Each of these parallels deserves deeper exploration, and I intend to give them that in future essays. For now, the point is straightforward: law firms that only watch their own industry for signals about where AI is heading are missing the most useful data. The most instructive lessons about how agentic AI will reshape knowledge work are coming from professions that started the journey earlier — and are far enough along to have real results, real failures, and real governance frameworks to learn from.

Where this leaves us

The state of agentic AI in legal in March 2026 is exactly what you'd expect at an inflection point: enormous potential, uneven execution, legitimate risks, and a widening gap between firms that are building the infrastructure to support these tools and firms that are watching from the sidelines.

The pattern from every essay in this series holds. The technology is not the bottleneck. The infrastructure is. Agentic AI doesn't reduce the need for connected systems, structured data, and standardized workflows. It intensifies it. An autonomous agent operating in a fragmented environment isn't just ineffective. It's potentially dangerous — making decisions based on incomplete information, executing actions across disconnected systems, producing work product that no one can fully trace or audit.

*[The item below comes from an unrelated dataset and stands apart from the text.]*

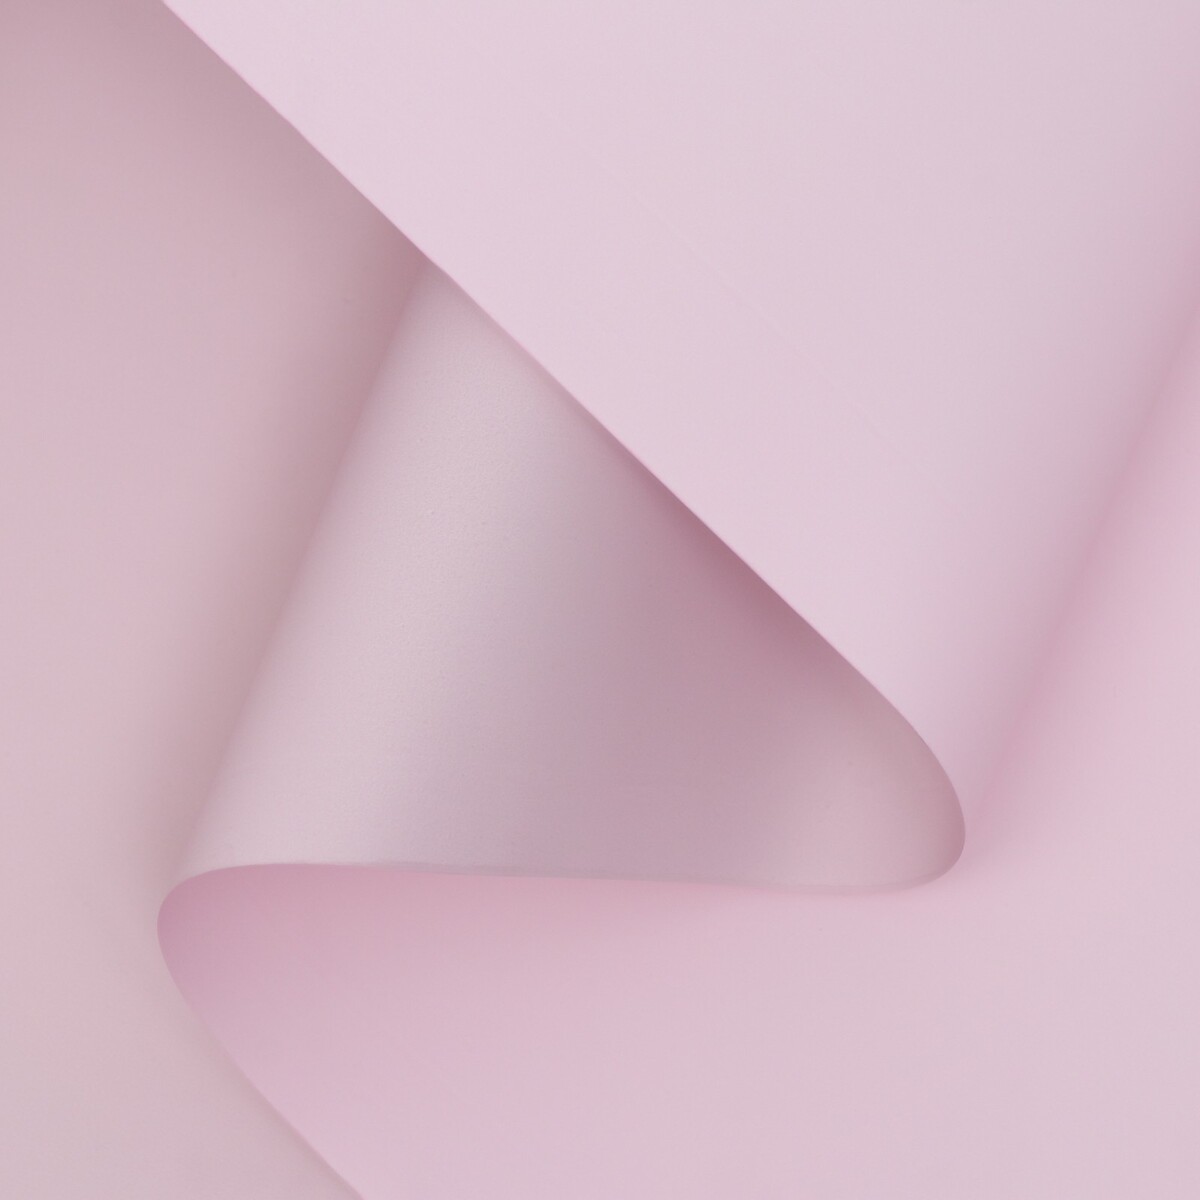 Пленка матовая двухсторонняя , пастельная серия, 65 мкм пастельный, розовый, 0,5 x 10 м пленка для ов тонированная матовая розовый с серым 0 5 х 10 м ±1 см 65 мкм

The firms that have been investing in operational maturity — connecting their systems, structuring their data, standardizing their processes, building the foundation this series has described — will find themselves positioned to adopt agentic AI effectively as it matures. The firms that deferred that work will discover that the most powerful tools in the market are useless without the infrastructure to support them.

That was true for the first wave of AI tools. For agentic systems — which are more autonomous, more interconnected, and more dependent on the quality of the data and systems around them — it is profoundly more true.

The infrastructure question is no longer theoretical. It's urgent.